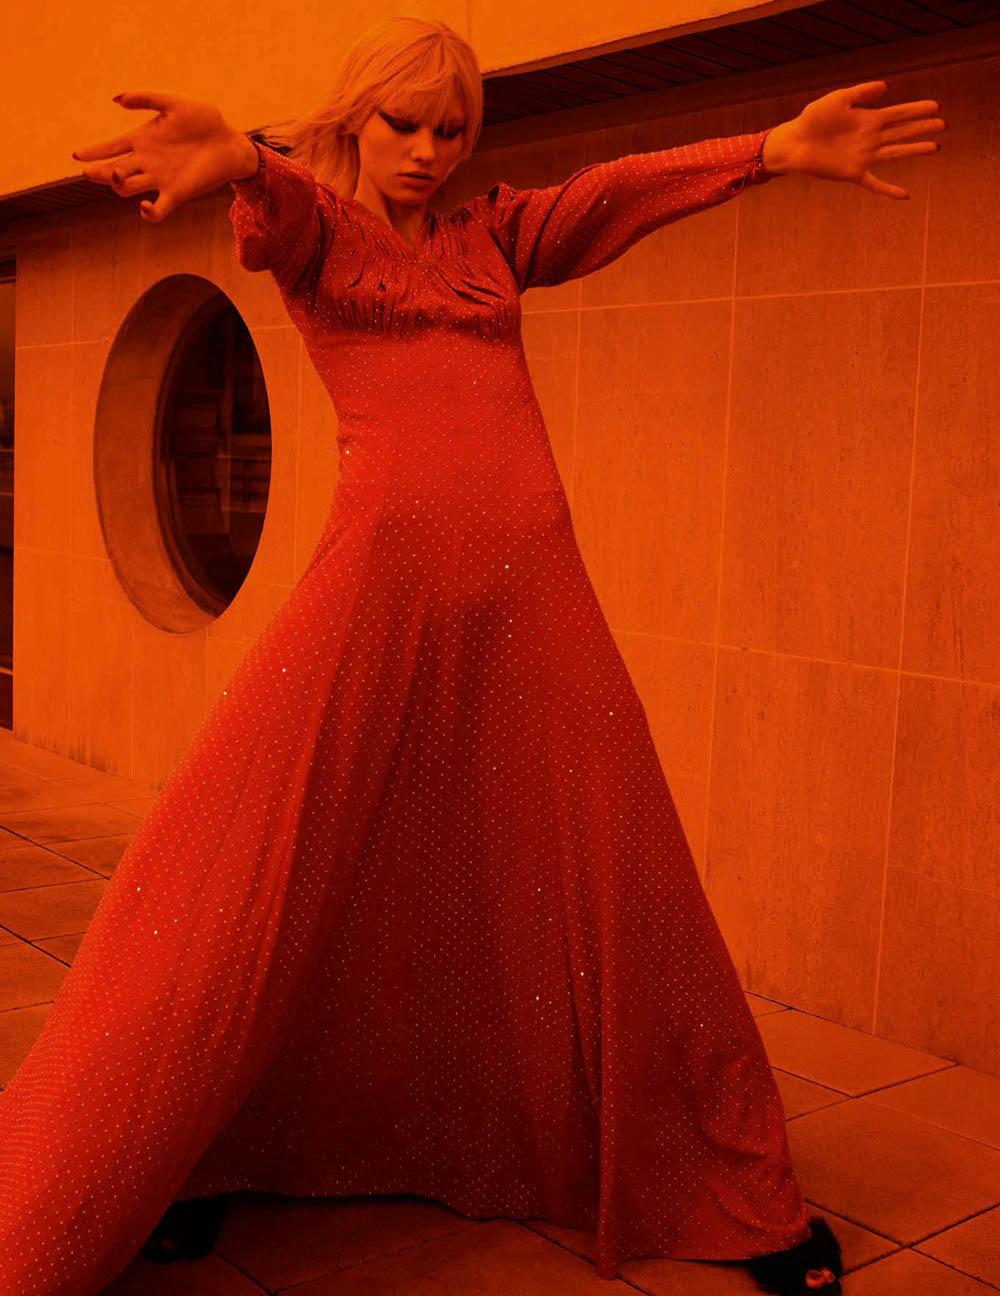 Vilma Sjöberg by Emma Summerton for Vogue Germany May 2020
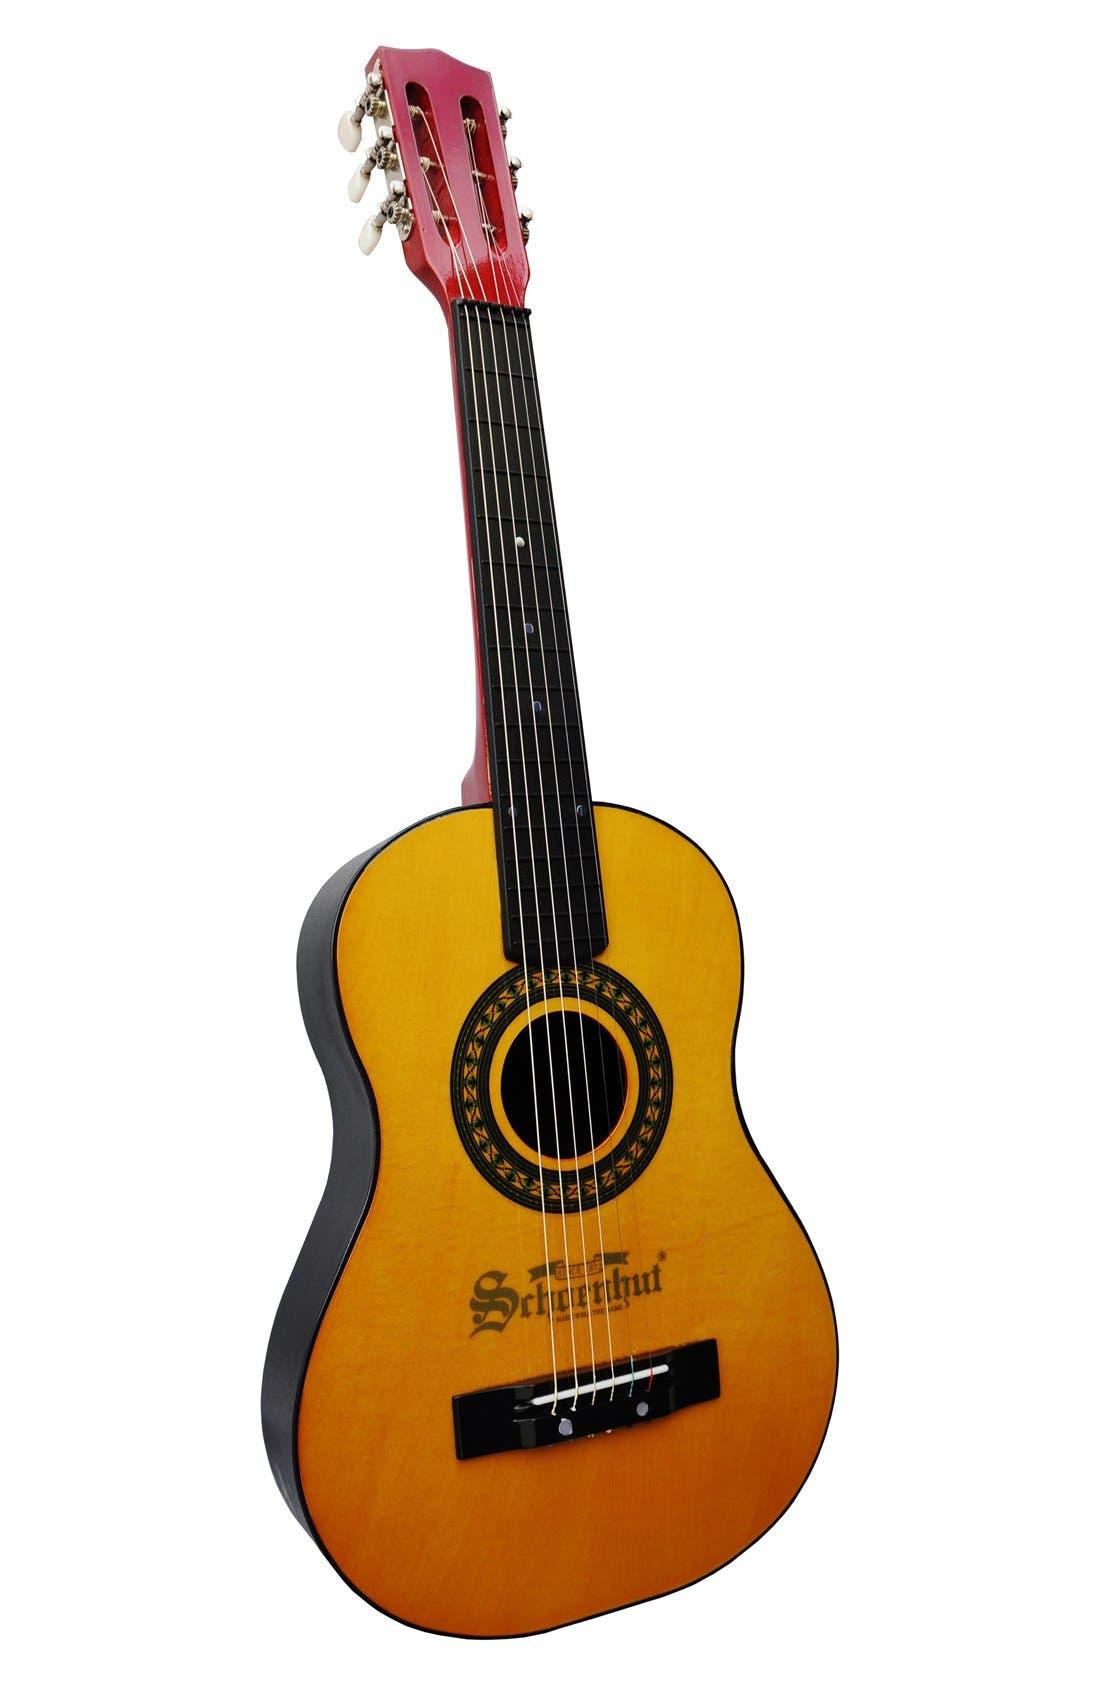 Toddler Schoenhut SixString Acoustic Guitar
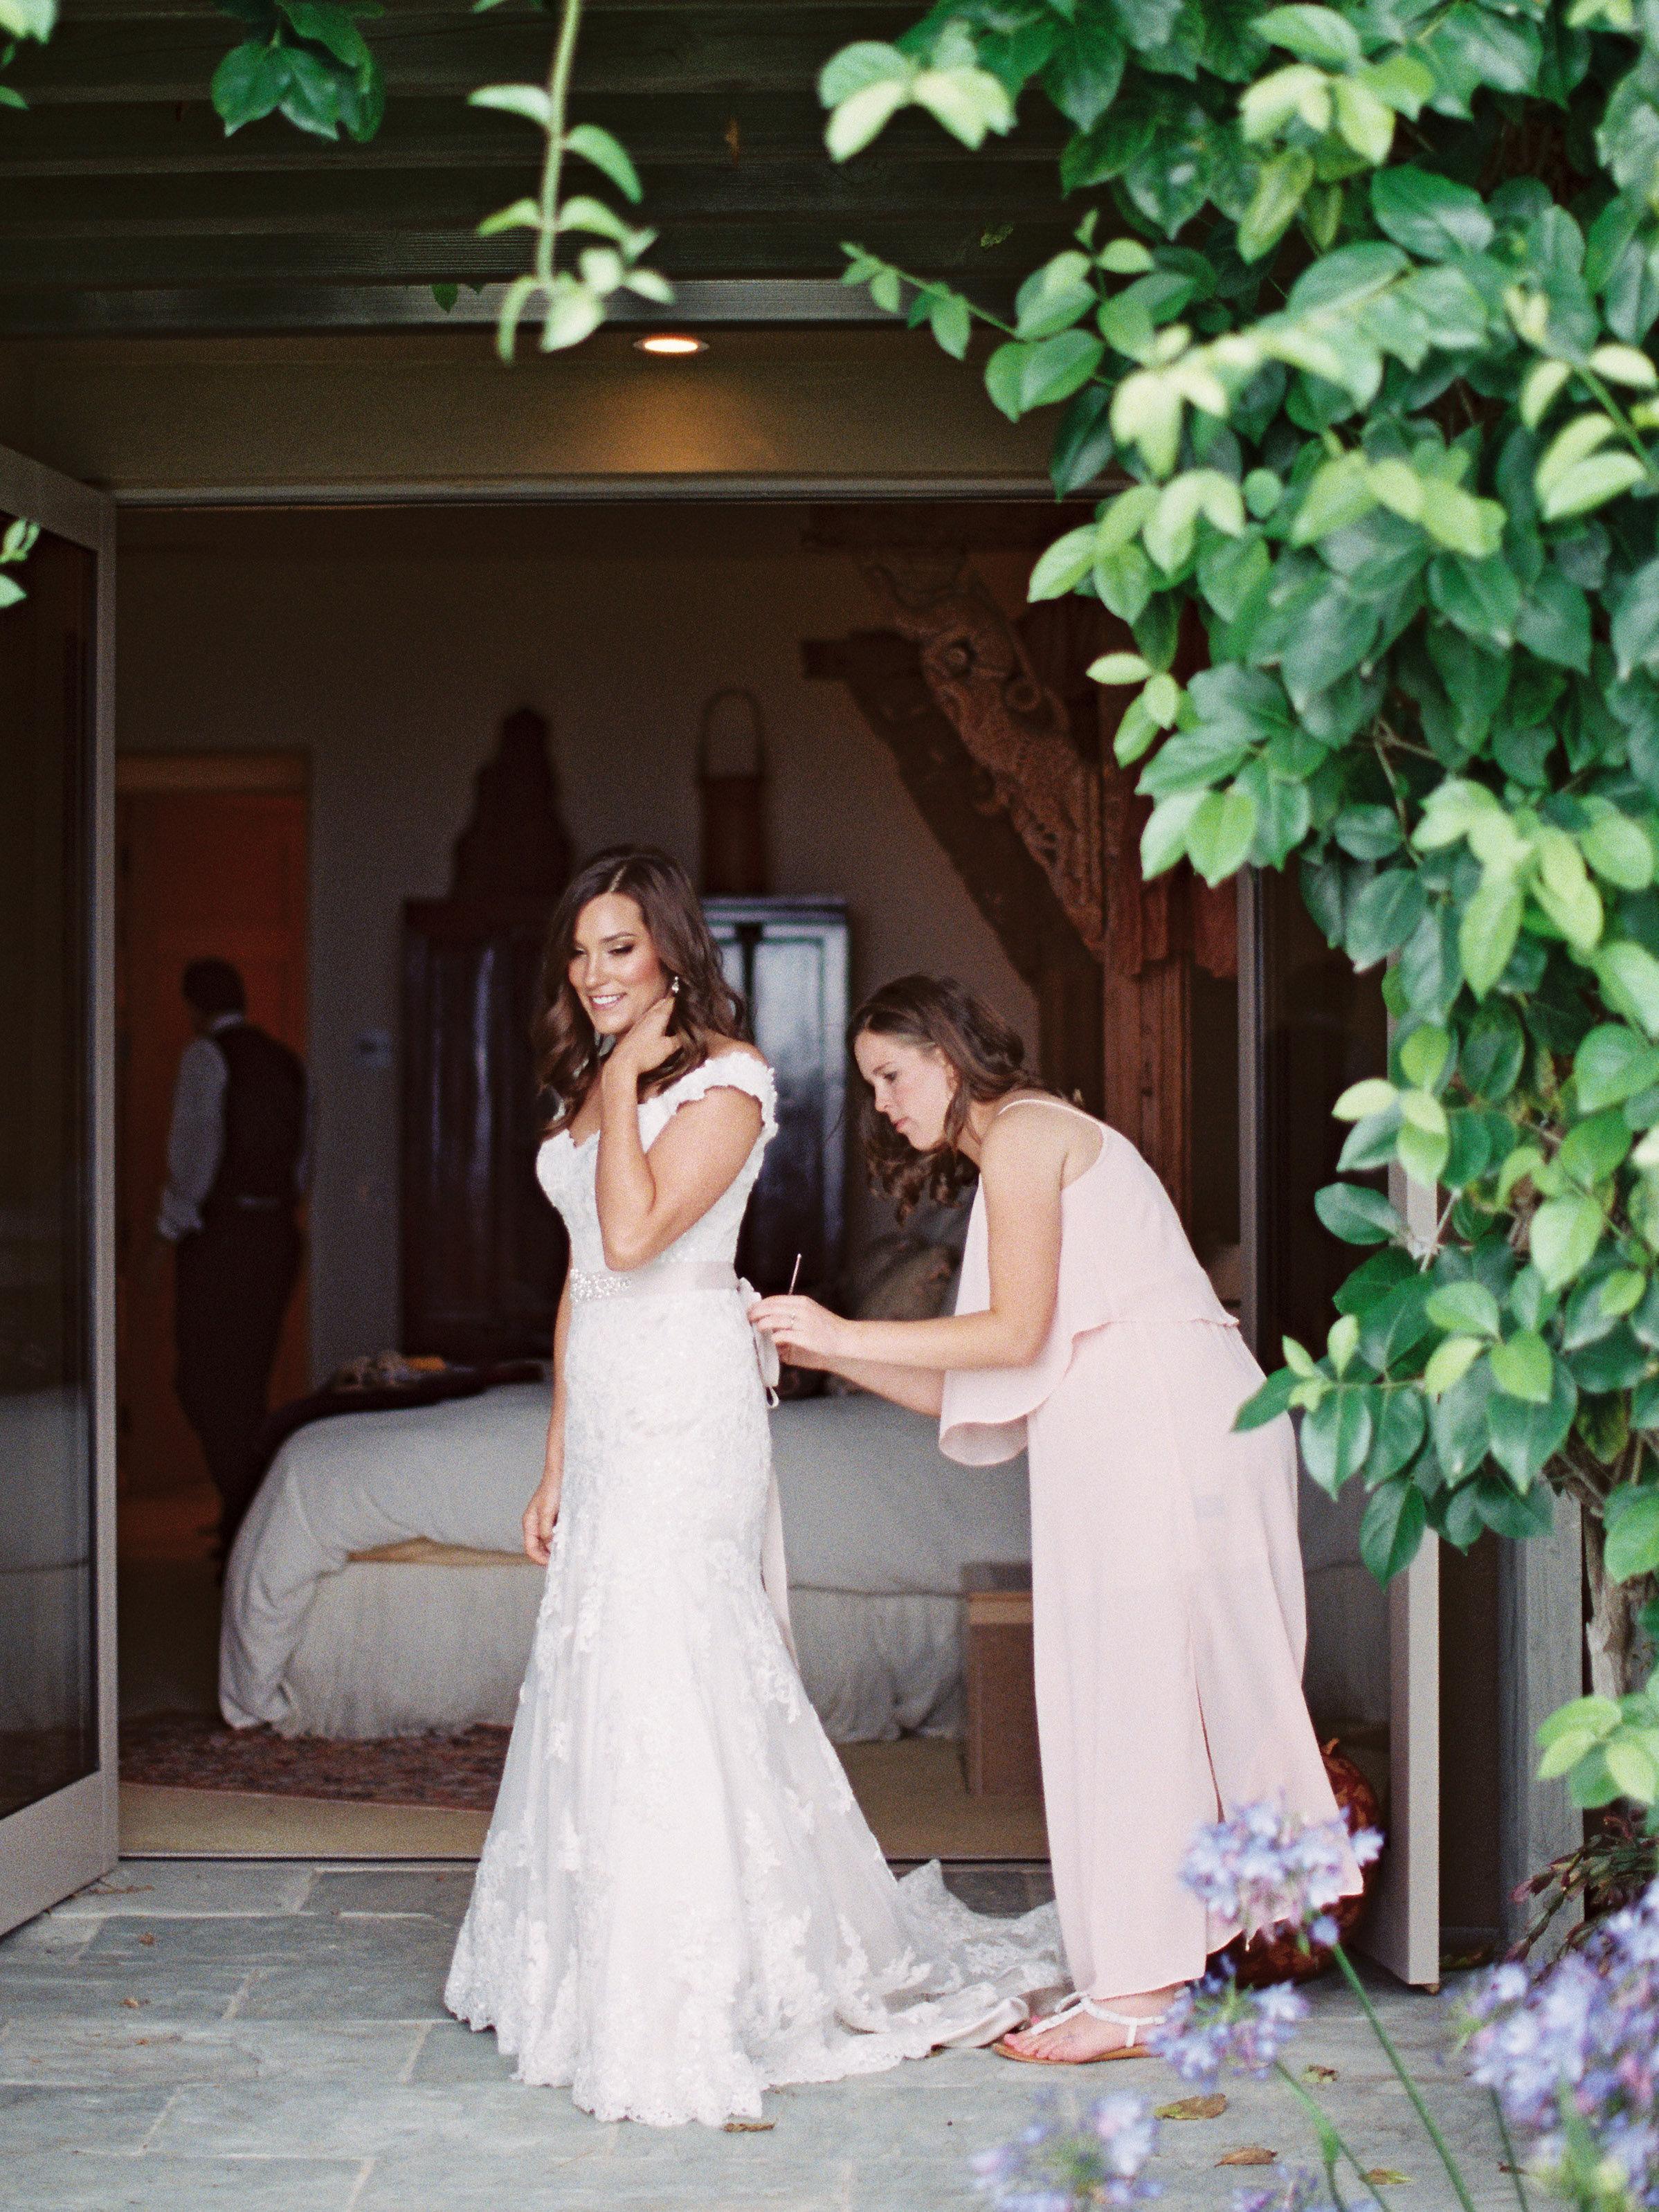 santabarbarawedding.com | photo:Jeremiah and Rachel Photography | Real wedding at the Belmond El Encanto
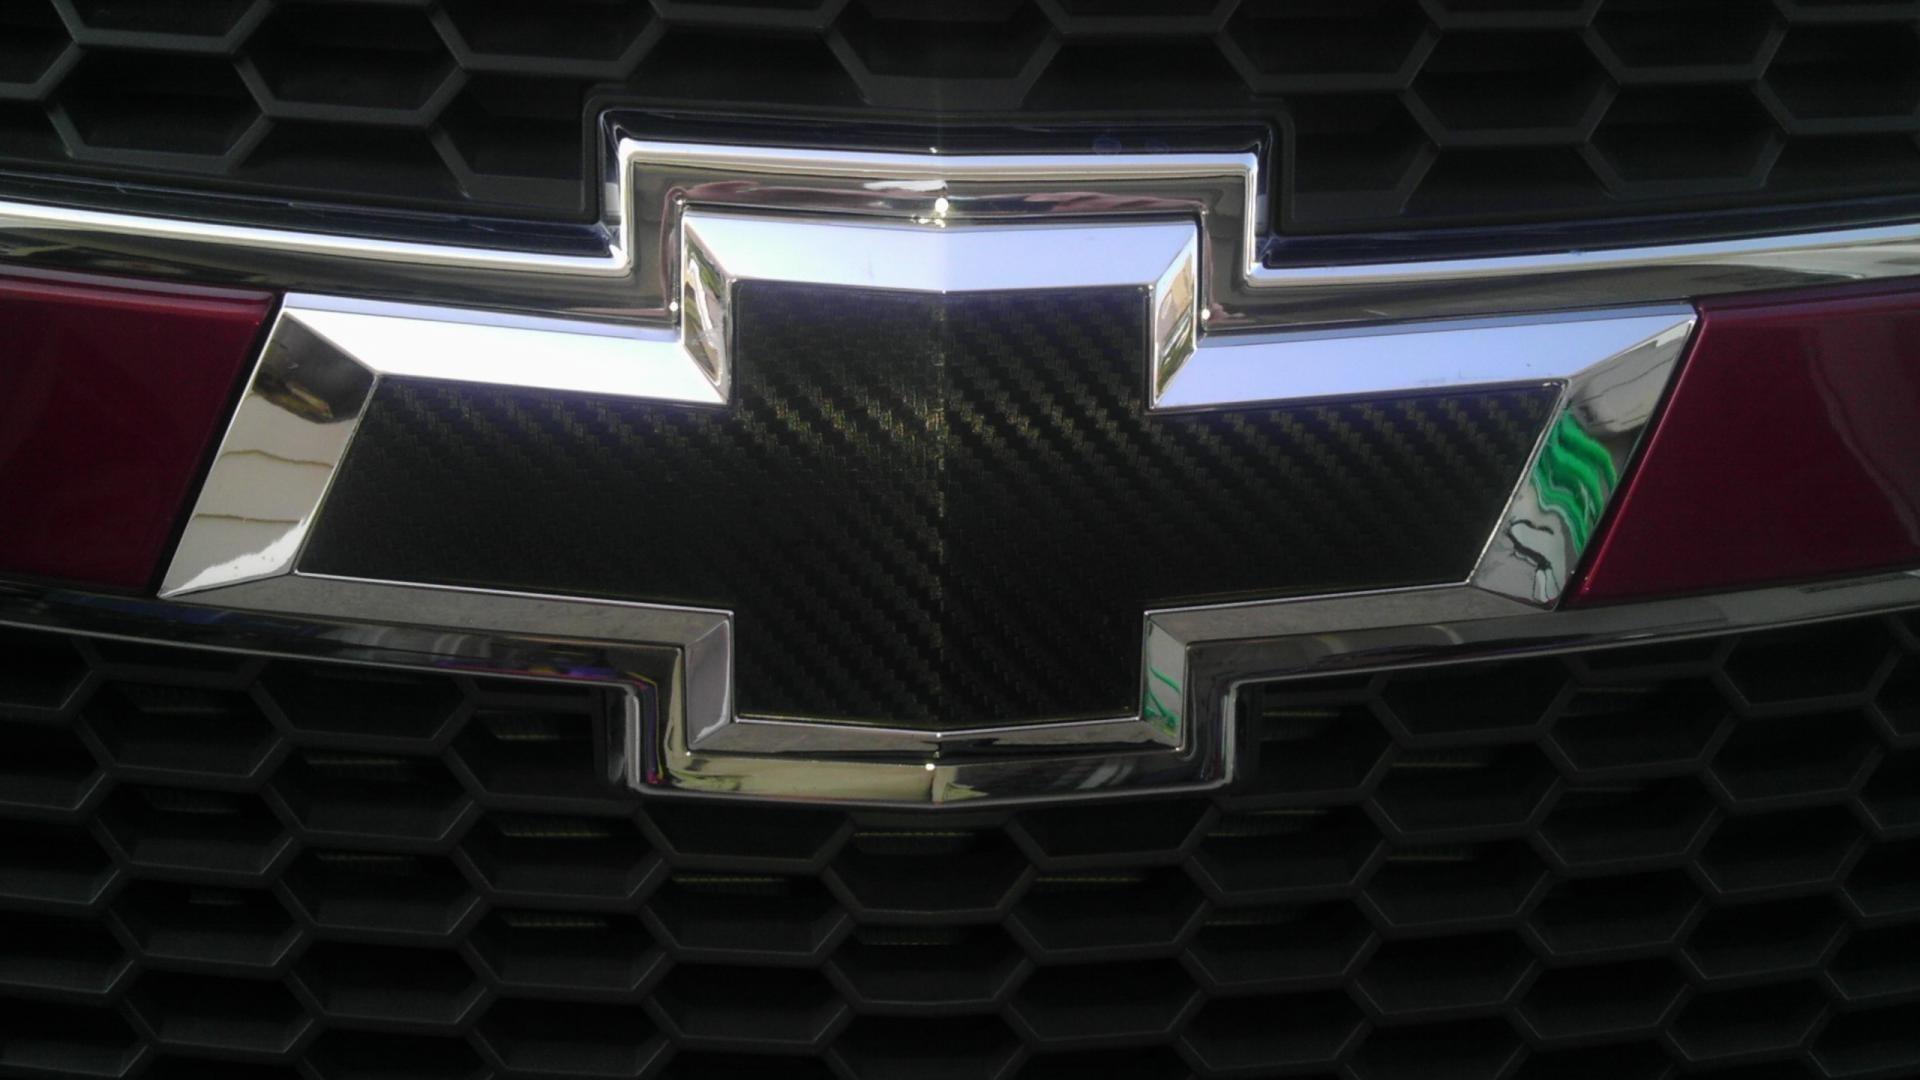 Res: 1920x1080, Free Corvette Logo Wallpapers. b httpsolidlystatedcomdesigncorvpergenerator  b httpsolidlystatedcomdesigncorvpergenerator

▸ WORK TO COMPLETE: Copy out all the data exactly; skip the pictures.

▸ ANSWER TO THIS EXERCISE:
 Vilma Sjöberg by Emma Summerton for Vogue Germany May 2020
 Toddler Schoenhut SixString Acoustic Guitar
 santabarbarawedding.com | photo:Jeremiah and Rachel Photography | Real wedding at the Belmond El Encanto
 Res: 1920x1080, Free Corvette Logo Wallpapers. b httpsolidlystatedcomdesigncorvpergenerator  b httpsolidlystatedcomdesigncorvpergenerator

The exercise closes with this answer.